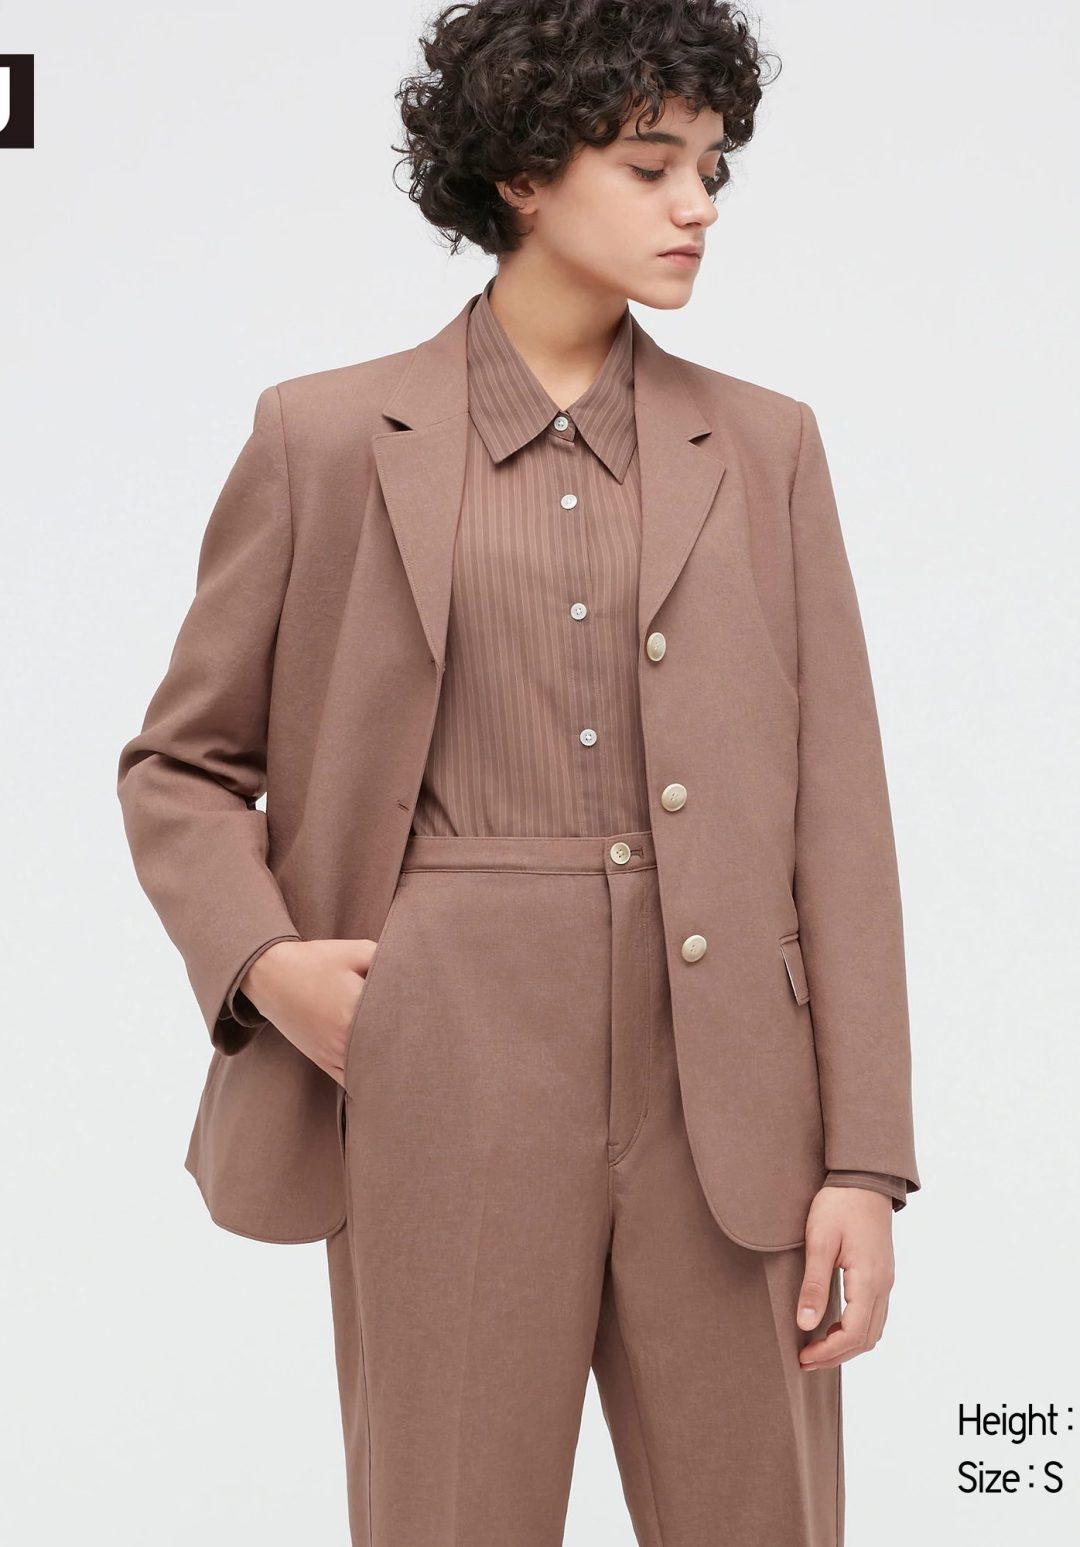 Brown tailored blazer suit
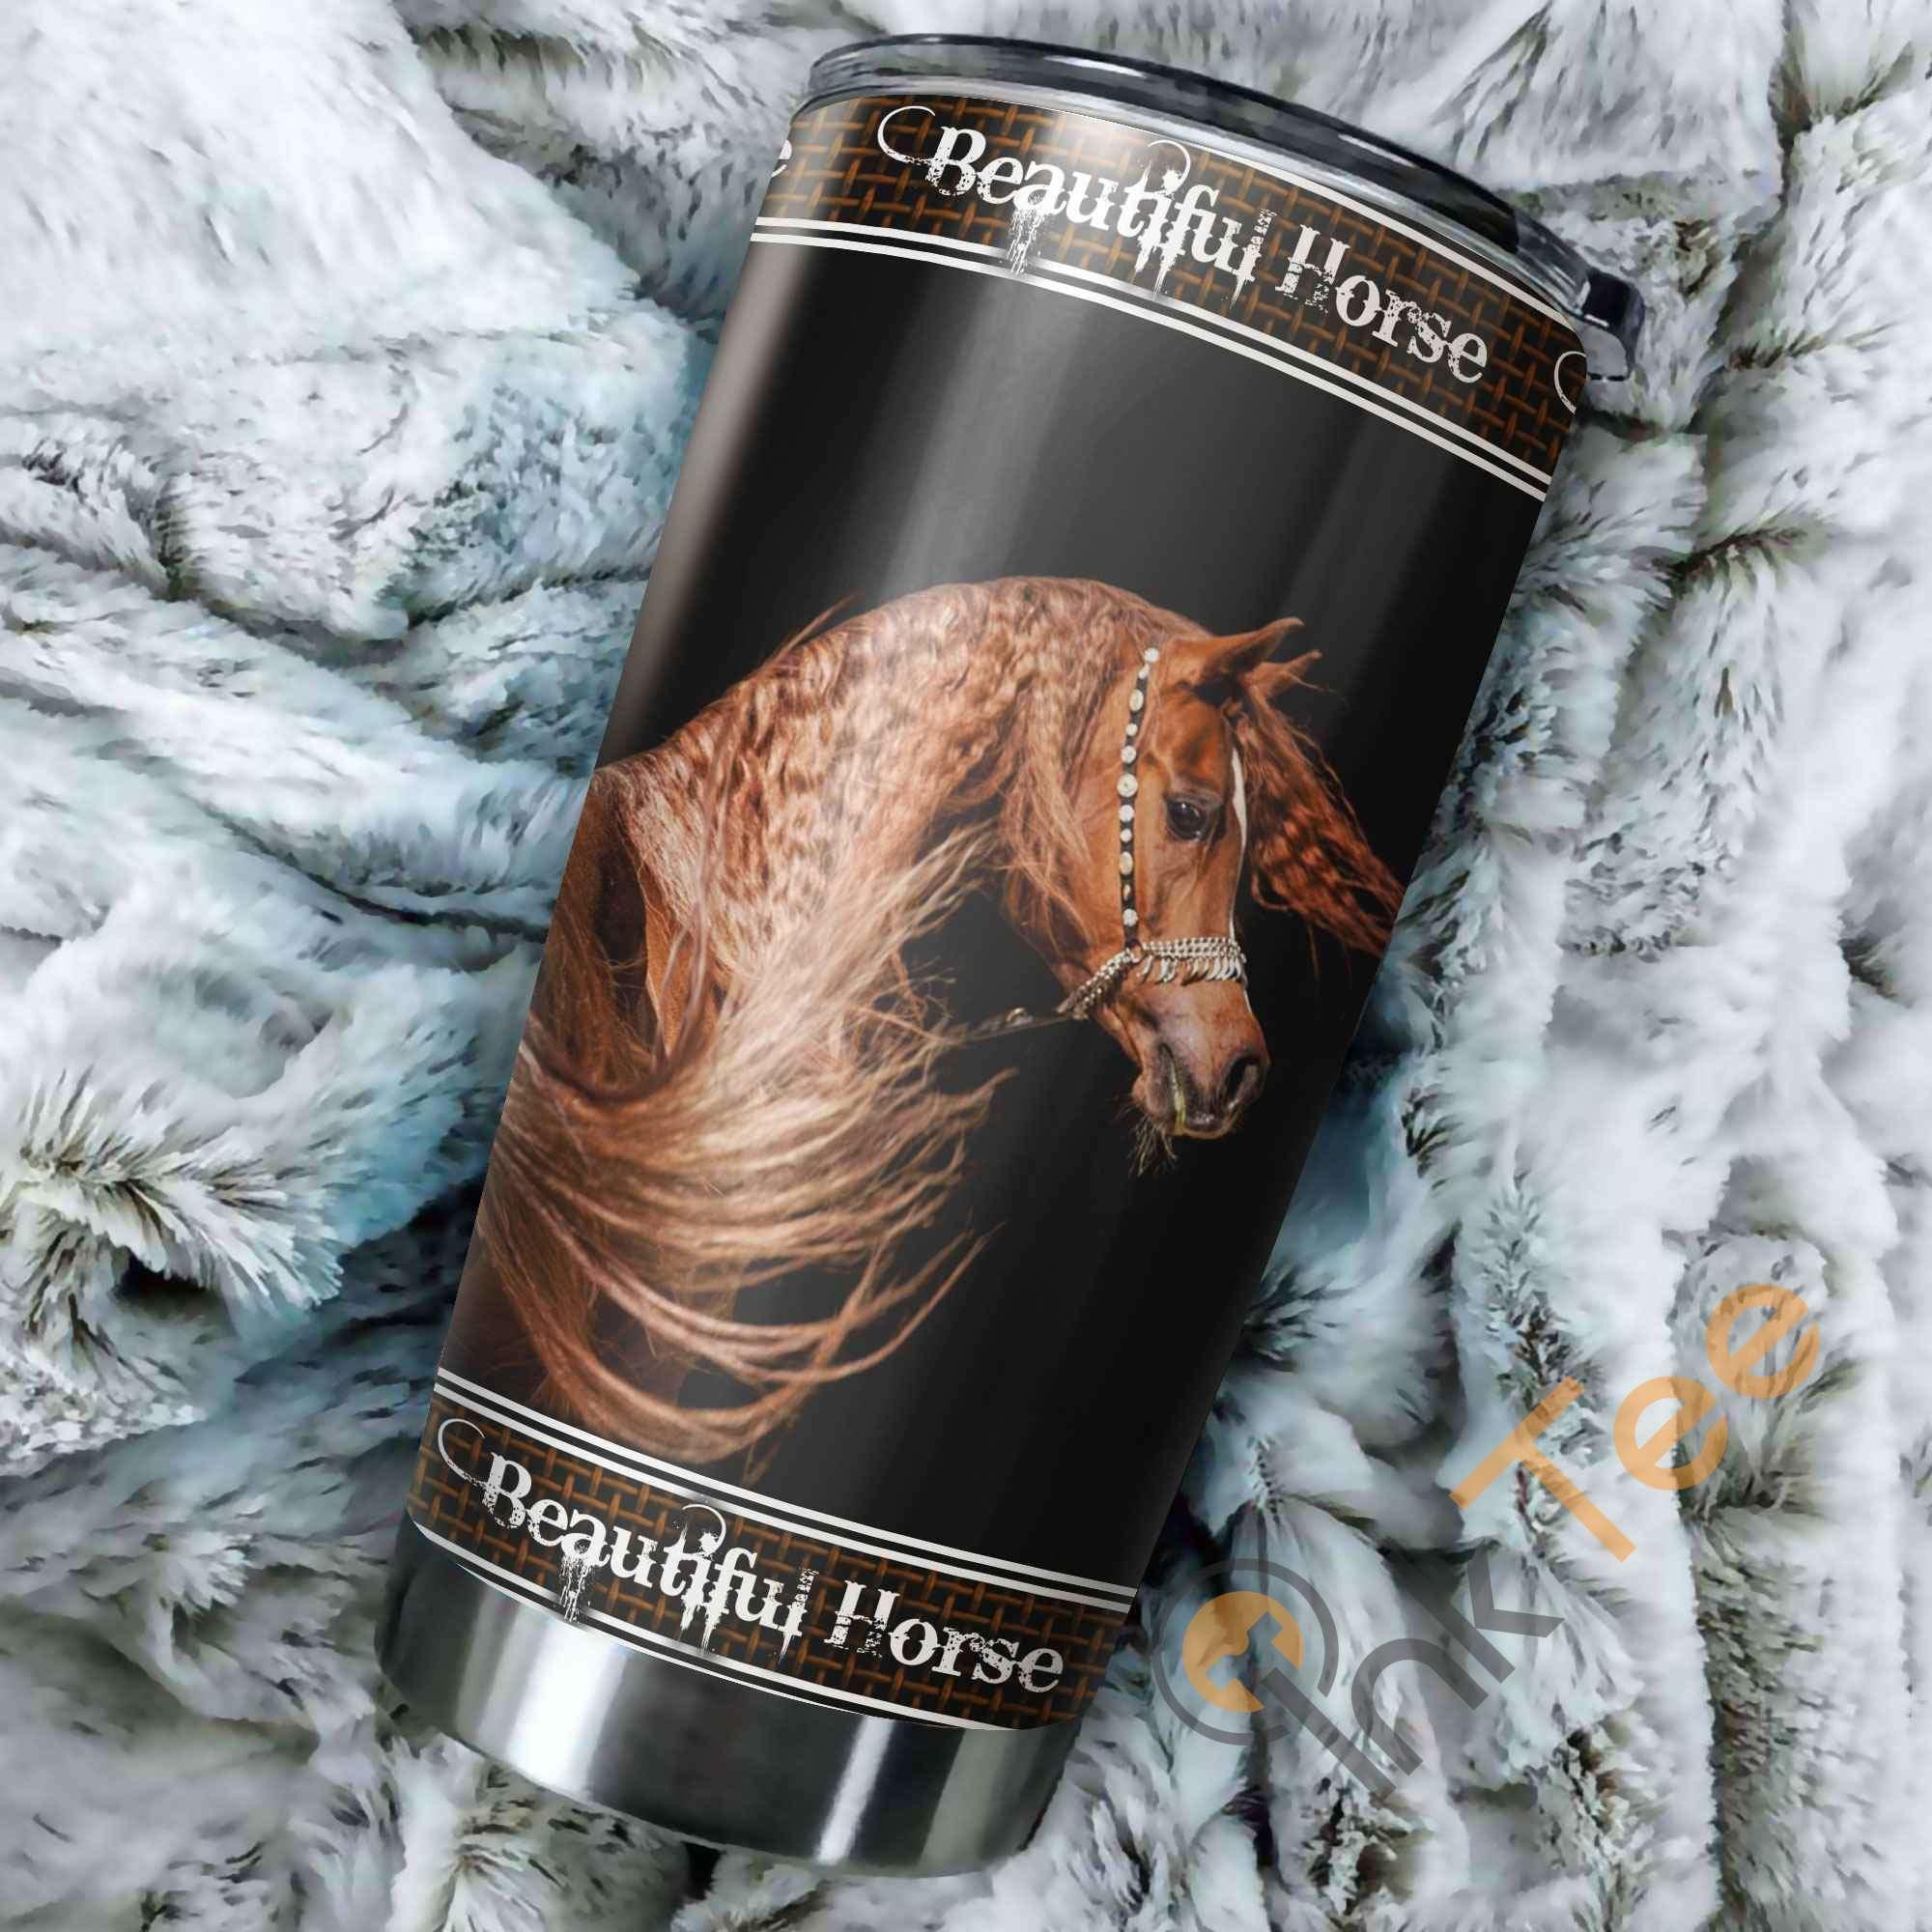 Beautiful Horse Amazon Best Seller Sku 3520 Stainless Steel Tumbler
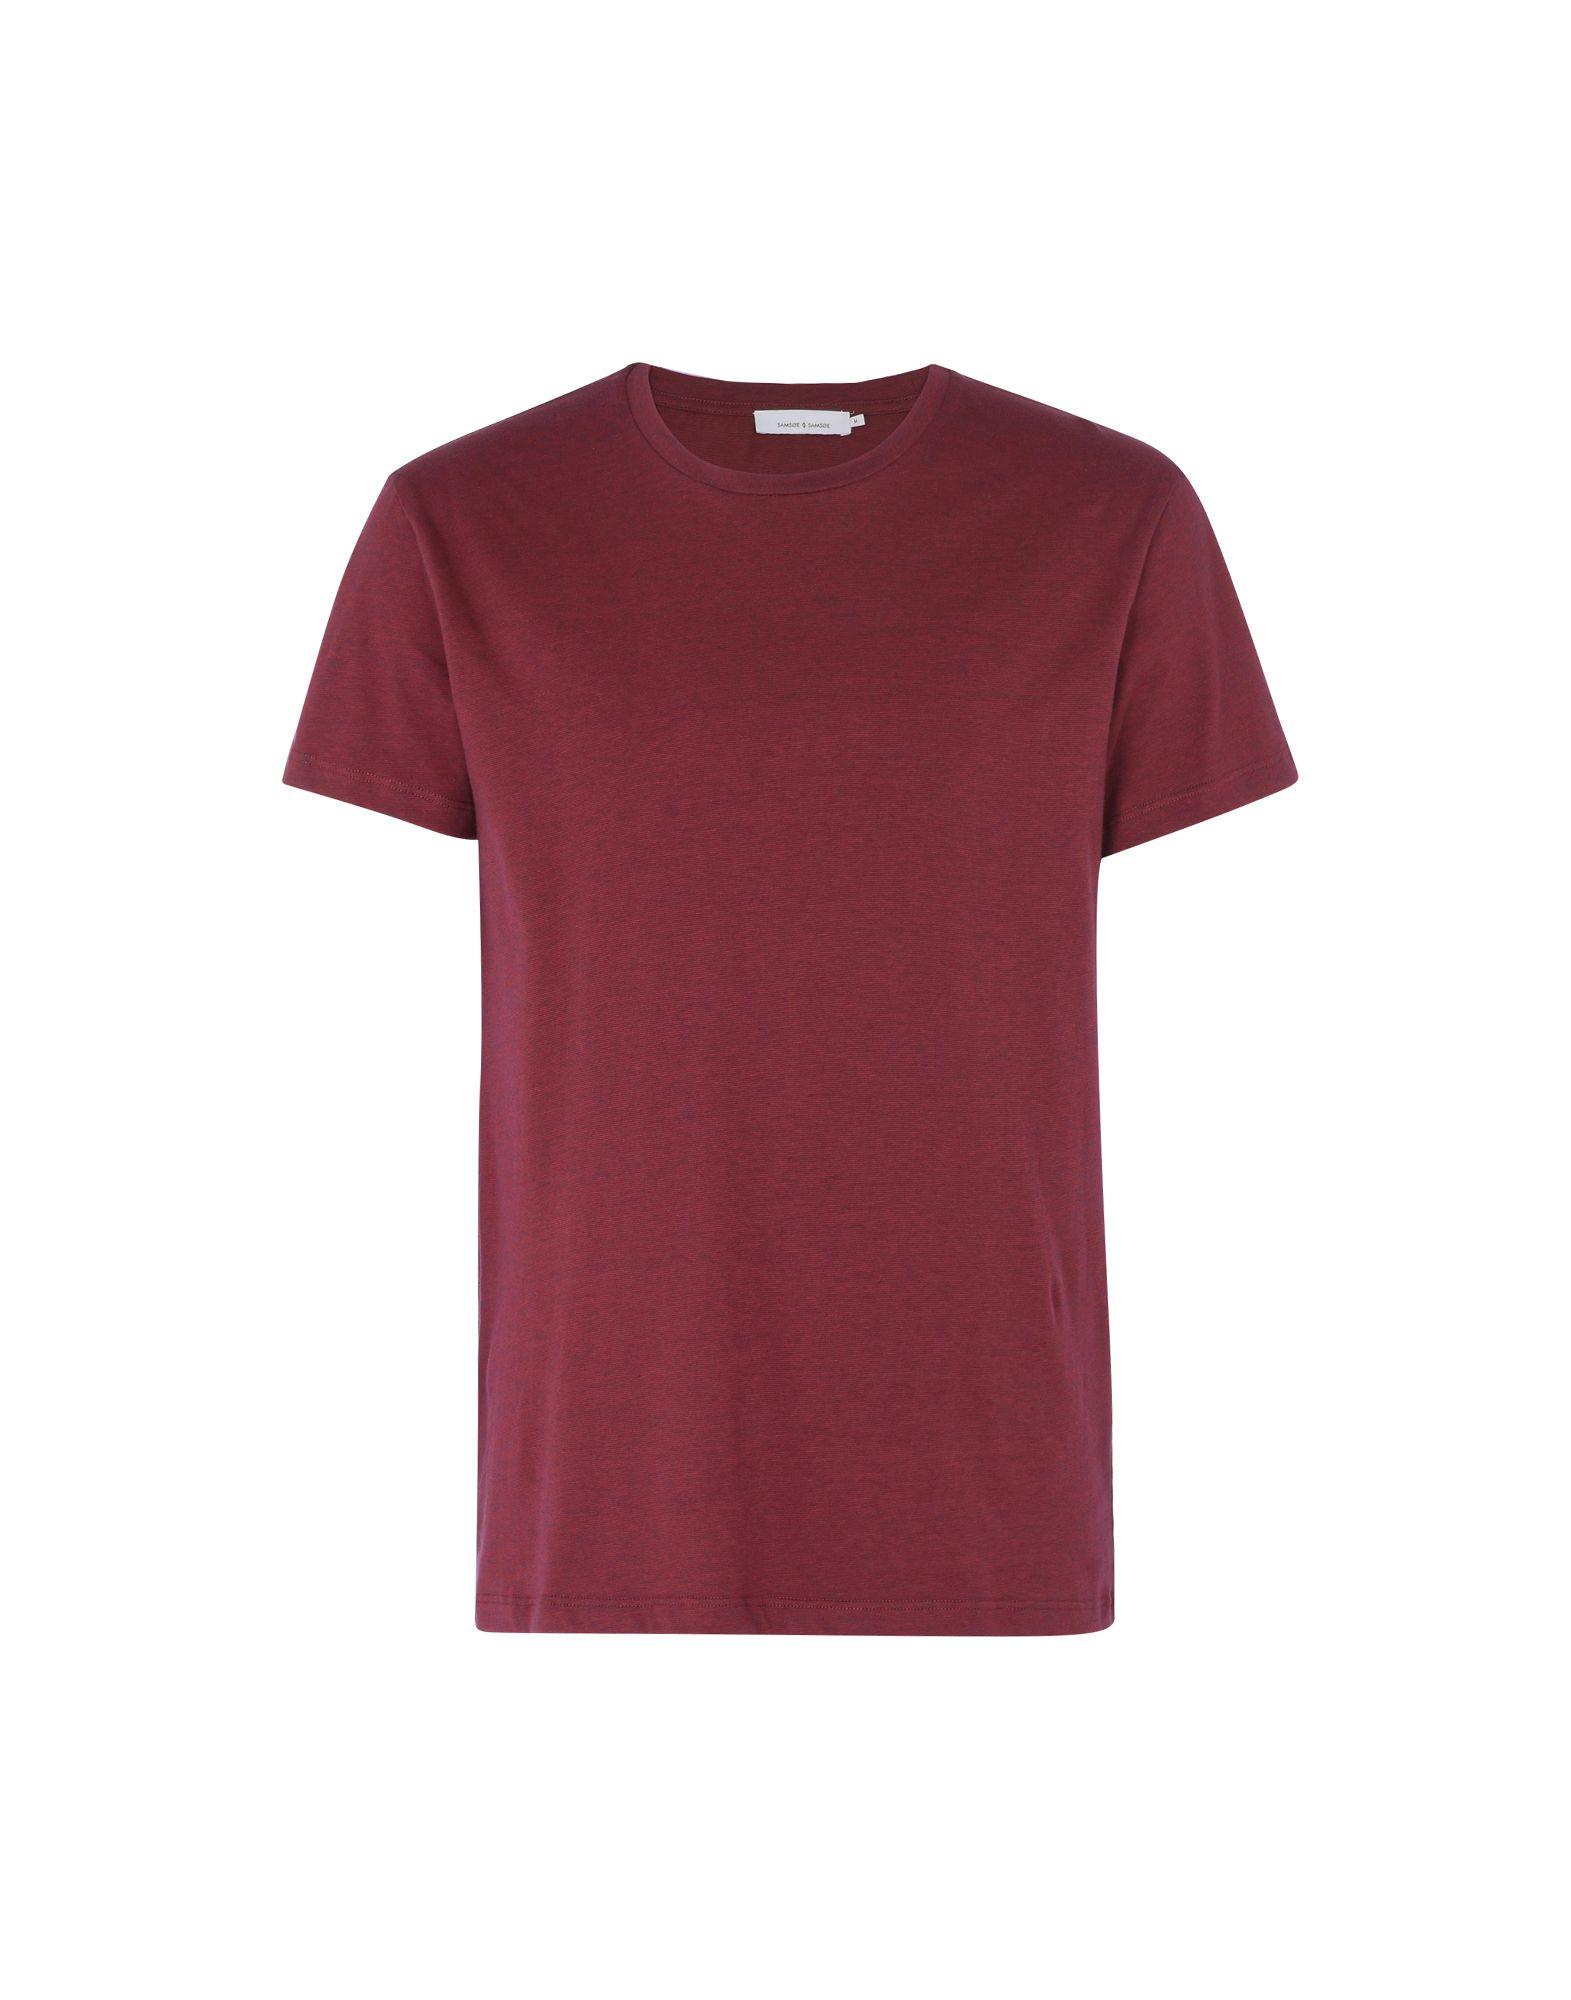 T-Shirt Samsøe Φ Samsøe Kronos Stripe - - uomo - 12198874BP  Factory Outlets

---------------

#### [WHAT TO DO]
With the pictures excluded, restate the material exactly as it stands.

#### [RESPONSE BOX]
 Brown tailored blazer suit
 Beautiful Horse Amazon Best Seller Sku 3520 Stainless Steel Tumbler
 T-Shirt Samsøe Φ Samsøe Kronos Stripe - - uomo - 12198874BP  Factory Outlets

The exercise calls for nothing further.